深夜,蕭錦珩一身喪服剛從宮中歸來,看到了守在門口的人。
“阿珩……”裴昭紅了眼睛,“父親說,太子已在籌謀兵權,謀反之心昭然若示。”
蕭錦珩握緊裴昭的手,碰碰她的眼尾,露出一個輕松的微笑,“昭昭,你該開心才是,這恰恰說明我們快要看到太陽了。”
她定會讓那人死在前頭的。
這些波詭雲譎與景舒禾無關,她先是在客棧看了看因為累所以睡得很香的小家夥。
爾後坐下思索一番,向清瀾傳信。
之後她被請到了東宮。
太子斟茶,親手端過來,“聽聞仙師先前去了六皇弟府上,昨日在朝堂上衝撞了仙師,還望仙師莫要怪罪。”
景舒禾接過,輕笑出聲,“太子殿下有話請直說,本座的徒兒年紀還小,離了我她怕是睡不好。”
睡得很好的檀無央在床上翻了翻。
蕭錦徹擺出謙恭虛己的態度,“仙師此番前來是為了那太乙國師吧?”
“我對父皇的做法也並不讚同,奈何他老人家脾氣日漸古怪,我也不好相勸,”蕭錦徹打量著對面女人的神色,繼續說道,“國師每旬初都會離開宮內,仙師大概已經知道了,但仙師可知那人是去了何處?”
景舒禾放下茶杯,抬眸看他。
蕭錦徹展顏一笑,似是有了底,輕輕開口道。
“燕王府。”
*
大喪期間,皇位虛空,太子暫理國事。
自先皇逝去,各地凶屍案一並抬至水面,引滿朝憤慨,舉國驚異。
因而這第一件事便是要處理這些大案。
太子蕭錦徹站在群臣之首,面色冷肅。
“太乙國師何在?”
側臉一道戒疤的和尚身著赤金袈裟,眼窩深陷,眼神平靜無波,被禦前侍衛押到了朝堂之上。
“將你的所作所為一並交代清楚,不可有所隱瞞。”
道明匍匐在地,緩緩開口,“是,陛下年老,意求長生,這世上雖無長生不老,但貧僧每日為陛下煉製調養生息之物,也算有所成效,可六皇子以性命相逼,要貧僧在藥物中下毒,貧僧不敢不從。”
這話一出,朝臣開始竊竊私語。
“六皇子?是六皇子殺了陛下?”
“怎會如此?那醉春樓一事也是六殿下所為?”
“……”
蕭錦珩立在一旁,面色不清,安靜聽著群臣討論。
蕭錦徹眼底閃過狠意,慢悠悠開口,“國師可要三思,汙蔑皇子可是重罪。”
楚相微微抬頭,看向那仙界而來的女子。
景舒禾只是站著,一副事不關己的模樣。
“貧僧不敢有所隱瞞,所言句句屬實。”
蕭錦徹轉頭,看向那邊一言不發的蕭錦珩,“皇弟,你有何要說的?”
蕭錦珩面露淡笑,“皇兄聖明,不過在此之前,不如先來問問這位太乙國師,自錦州一路來到皇城,所求為何?”
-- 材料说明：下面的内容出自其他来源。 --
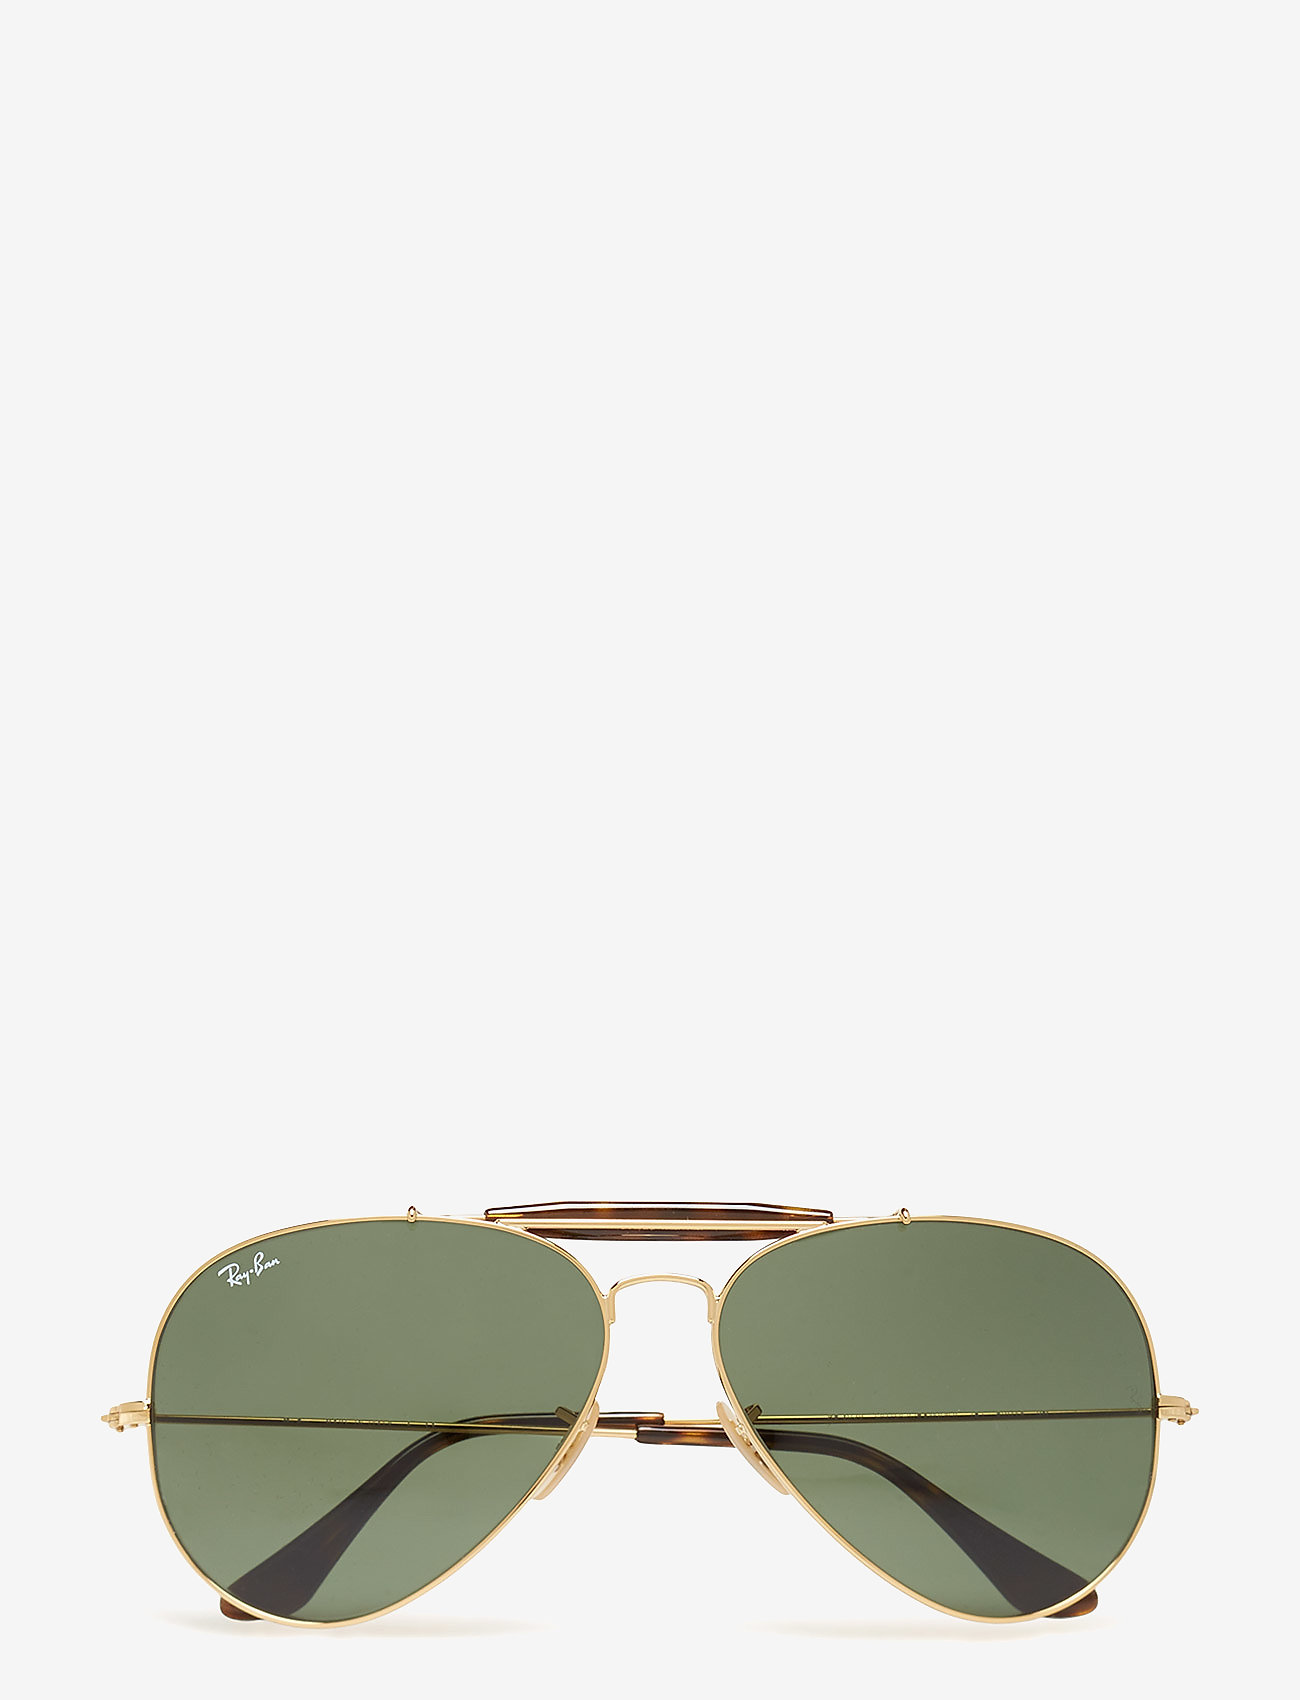 Ray-Ban - OUTDOORSMAN II - piloten zonnebril - gold-dark green - 0
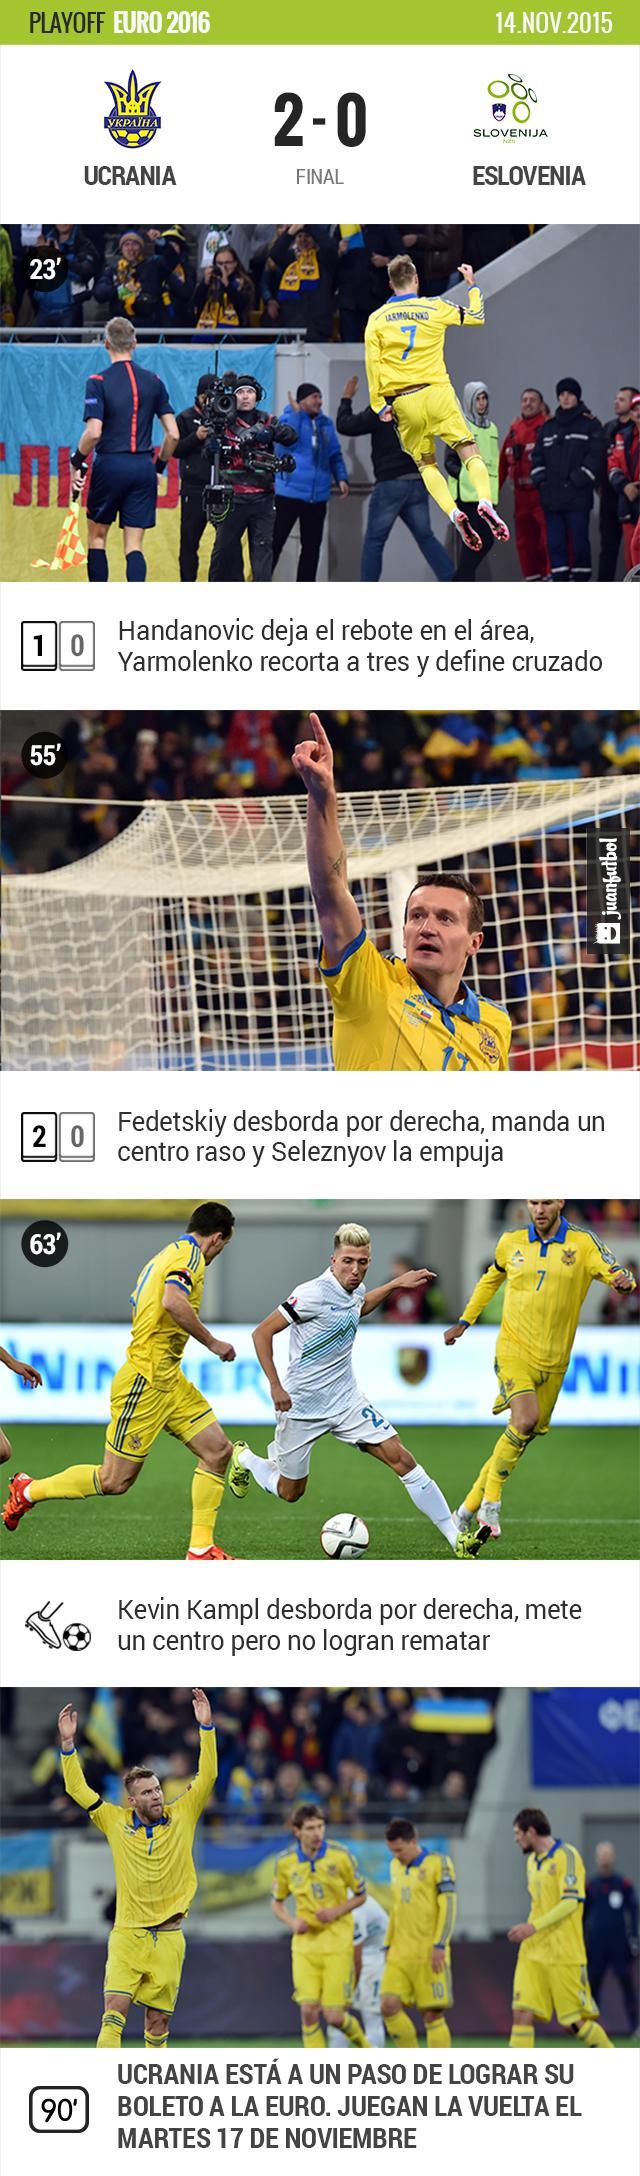 Ucrania vence en casa 2-0 a Eslovenia y se acerca a la Euro 2016.

話音剛落,她面向群臣,繼續說道,“罷了,還是由本王來替你說吧。”
“父皇欲求長生,太乙國師便與父皇達成交易,借父皇之手暗中謀害女子性命,取其頭骨。”
“你欺騙父皇精血可使人長生,再借那醉春樓花妖之手,明面上取精血,背地裡運頭骨,暗中在父皇每日所服的丹藥中下毒,在事情敗露之際,令父皇身死。”
“敢問國師,所求為何?”
群臣似乎被這一番話給震住了,皆安靜不語,等待那位國師發言。
國師並未發言,倒是蕭錦徹先開口了,“哦?皇弟怎會知曉得如此清楚?”
蕭錦珩神色淡淡,“自然還要多仰仗皇兄,與國師一早達成同盟,不僅謀害父皇,還要這國師與臣弟交好,每旬初到臣弟府上為臣弟下毒,實在是煞費苦心。”
一群人中精英此時個個面色茫然。
景舒禾在此時終於展示了一點屬於仙界之人的信服力。
“說來說去,二位殿下可都有證據?”
“仙師聖明,我府上醫者有位來自無憂谷的前輩,是那位前輩指出,這妖僧給我所用的毒物與父皇所服之毒相同。”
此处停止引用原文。